The fall colours are at their peak.
Not in Muskoka or the Eastern Townships, where this weekend’s wind and rain made short shrift of the famous red-and-orange foliage, but in a posh suburb in the south of London where Tom Thomson and his Group of Seven colleagues have never been in greater glory.
The 200-year-old Dulwich Picture Gallery’s new exhibition, Painting Canada: Tom Thomson and the Group of Seven, opens Wednesday following a Monday night gala in which many of Canada’s most iconic paintings were unveiled to a British audience for the first time since a handful of these same paintings were shown in London back in 1924.
“You are seeing the heart of Canada,” Canadian High Commissioner Gordon Campbell told an enthusiastic gathering of a couple of hundred gallery patrons, a new group – headed up by Sotheby’s Canada president David Silcox, a renowned Thomson scholar – known as the Canadian friends of the Dulwich Picture Gallery and various corporate sponsors (including The Globe and Mail).
There are 123 paintings on loan from such institutions as the National Gallery, the Art Gallery of Ontario, the McMichael Canadian art collection and such private collectors as David Thomson. They include works by Thomson, A.Y. Jackson, J.E.H. MacDonald, Fred Varley, Arthur Lismer, Lawren Harris, Franklin Carmichael and Frank Johnston. Three of the Group – Lismer, Varley and MacDonald – were born in England, which may explain some of the interest, yet the clear star of the show is Thomson, who died under mysterious circumstances in 1917, three years before the Group was formed.
There is an entire room in the gallery dedicated to the painter, the highlight being a single wall devoted, perhaps for the first time ever, to showing Thomson’s two most-famous works, West Wind and Jack Pine, side by side.
“The two most famous paintings in Canadian art,” said Edinburgh-born Ian Dejardin, who came up with the original idea of a Thomson/Group of Seven showing and is co-curator of this exhibition.
“Canadians practically need a stretcher when they see them on the same wall,”
Thomson is described in a Gallery magazine as “something of an archetype – a perfect role for Gary Cooper, had anyone thought of it,” and was compared to JFK and Marilyn Monroe Monday evening by Mr. Dejardin.
“If ever there was a genius,” Mr. Dejardin said, “Tom Thomson was it.”
The JFK-Marilyn-Cooper references are a deliberate salute to reality – Canadian icons first having to be compared to American icons before a British audience will relate.
And yet, judging by the first impressions of the first visitors, the show is creating interest. The Telegraph, also a sponsor, carried a major story on Thomson and his fellow artists’ work this past weekend and the Dulwich organizers claim interest is on the rise.

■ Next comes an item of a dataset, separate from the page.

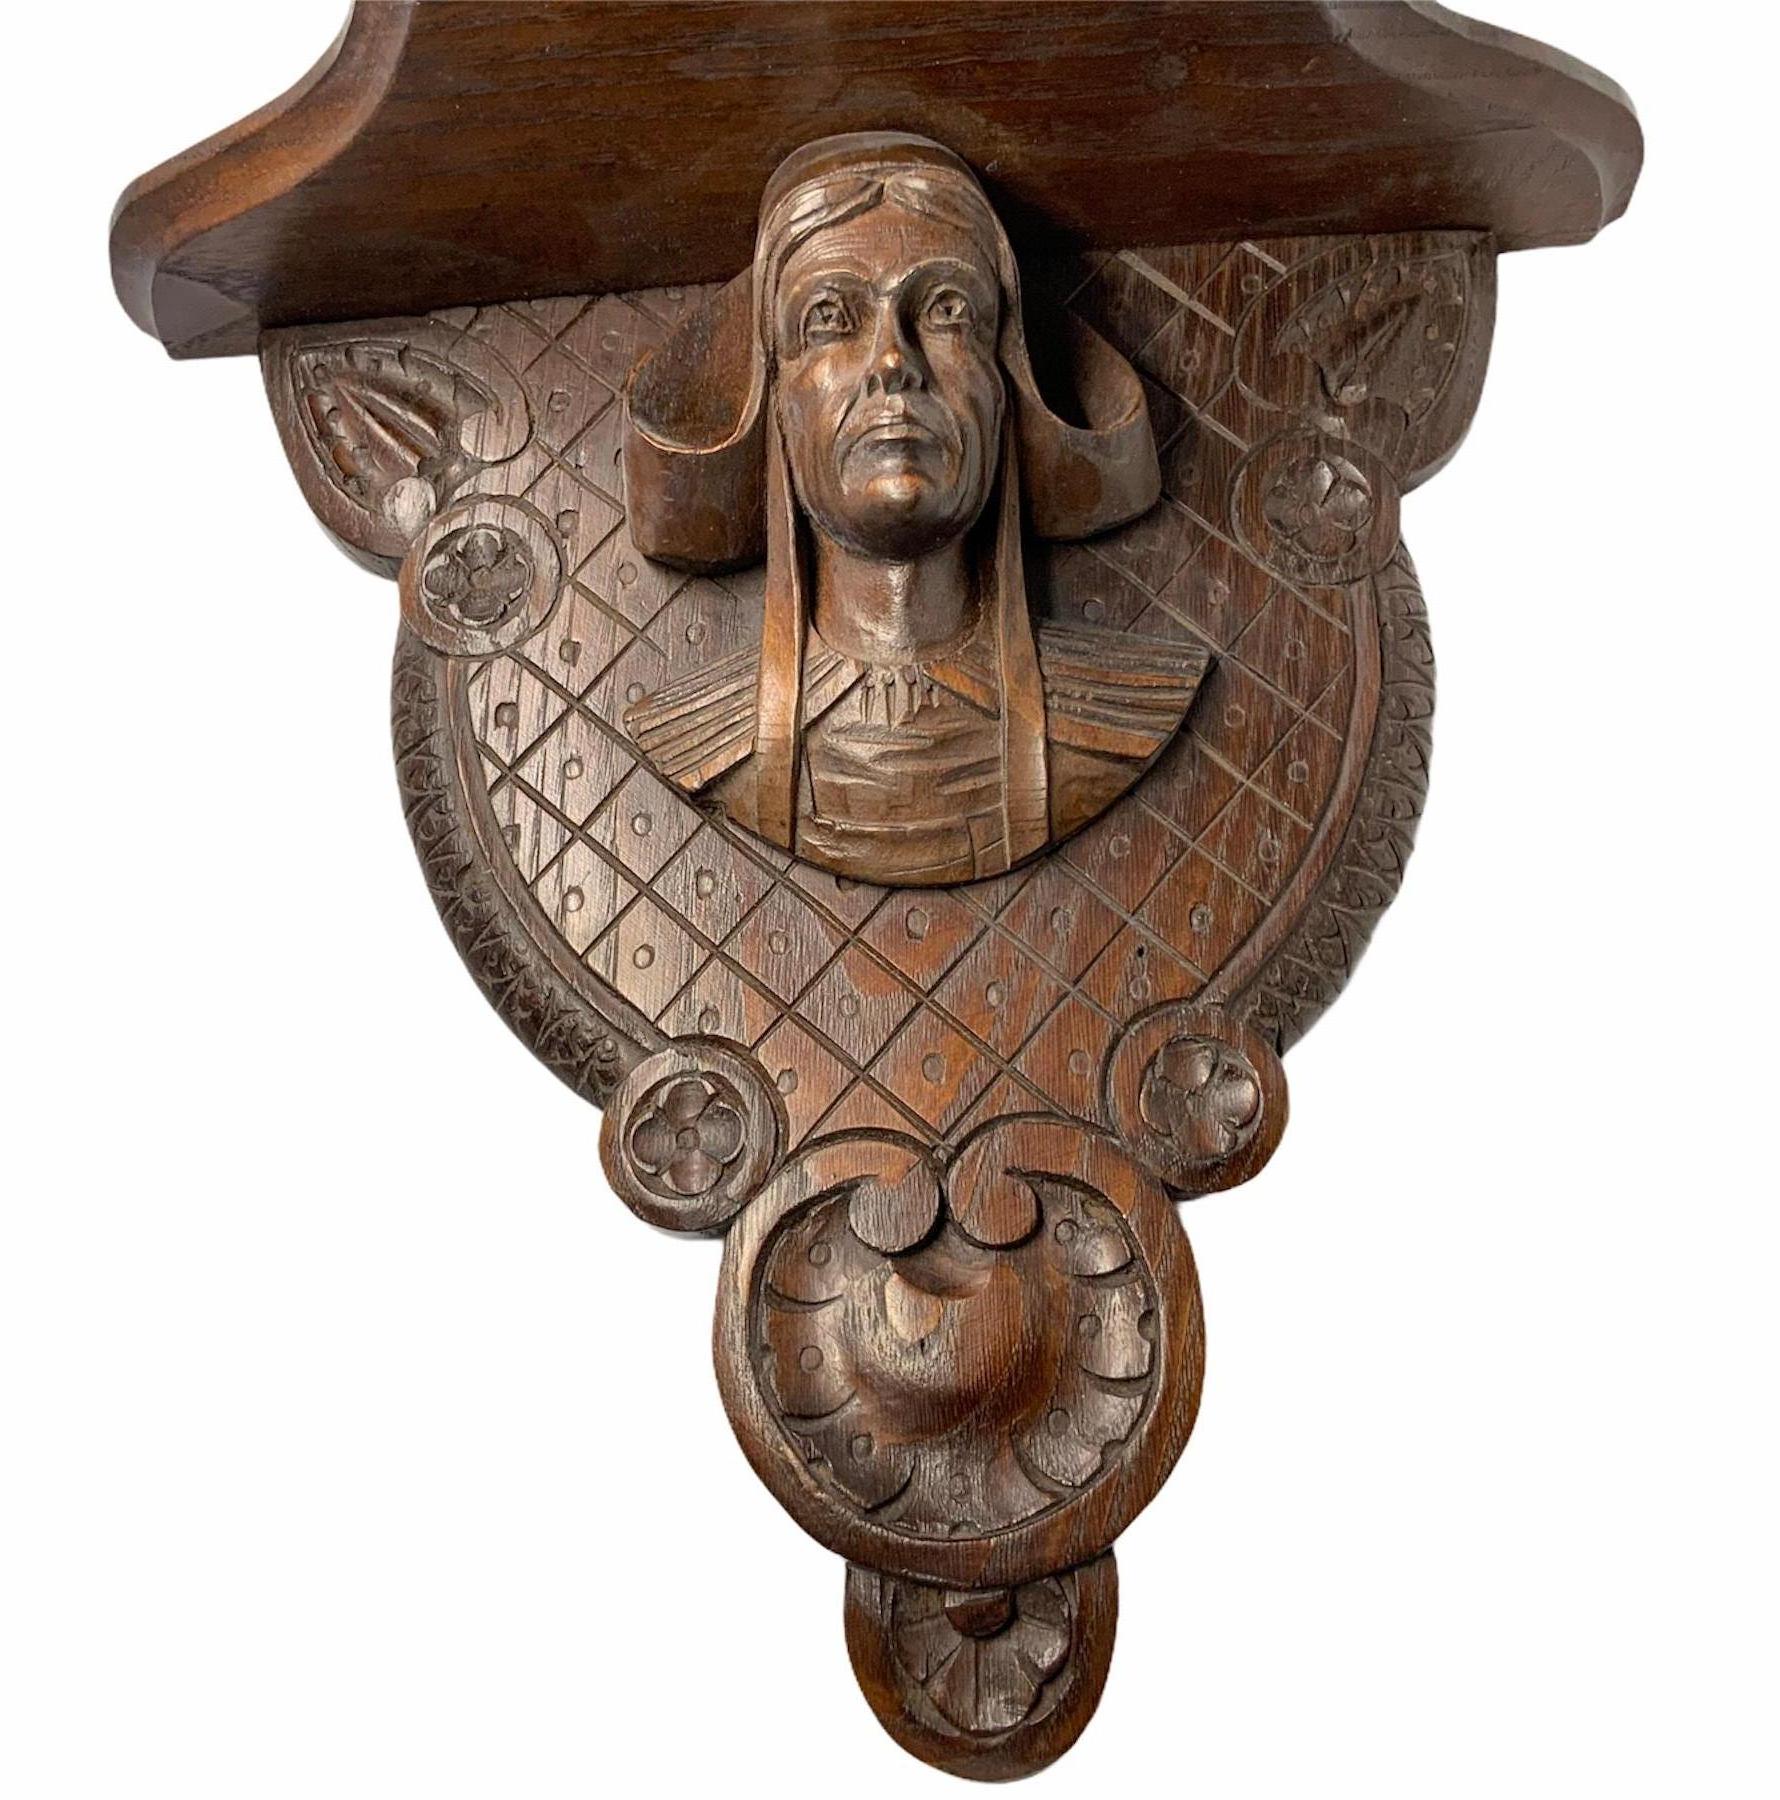 This is a wall bracket-shelf depicting a very detailed carved bust of what appear to be a scholar with medieval headwear. The wrinkles in the frontal head, the facial expressions lines and the deep gaze are noticeable. He is wearing a hat and

“It’s wonderful,” said Montreal visitor Joan Ivory, who once studied art under Arthur Lismer. “Just maybe people will see that there’s more to Canada than a few cities and towns along the Canada-U.S. border.”
It makes for a fascinating juxtaposition, visitors to the gallery coming face to face with Gainsborough, Rembrandt, the Dutch Masters – and then Algonquin Park, Georgian Bay, the Rockies, the Far North where Harris found so much mystical inspiration that the gallery has dubbed the room devoted to his later works “The Lawren Harris Chapel.”
Mr. Dejardin thinks that any British visitors – as well as future visitors to shows in Norway and Holland, where the paintings will be exhibited next – will gain a new perspective on the vastness of Canada.
“My geography is based solely on the Group of Seven,” he admitted. “I’ve only ever been to Toronto and Ottawa.
“But we Brits think we know parks. There’s Regent Park … and Hyde Park … but Algonquin Park is the size of Wales.”
Had it not been for the public’s ultimate acceptance of the art of Thomson and his colleagues – an acceptance that took years to gain – Mr. Dejardin believes the “brand” of Canada as picturesque wilderness would never have become widely known to the world.
And this, he says, is precisely what the Group of Seven hoped to do when they persisted with exhibition after exhibition until, finally, their art became the art of Canada.
“By the eighth exhibit,” Mr. Dejardin told the gathering, “they had found the Canada that they were seeking.
“I can’t think of any group of artists that so effectively achieved their aims.”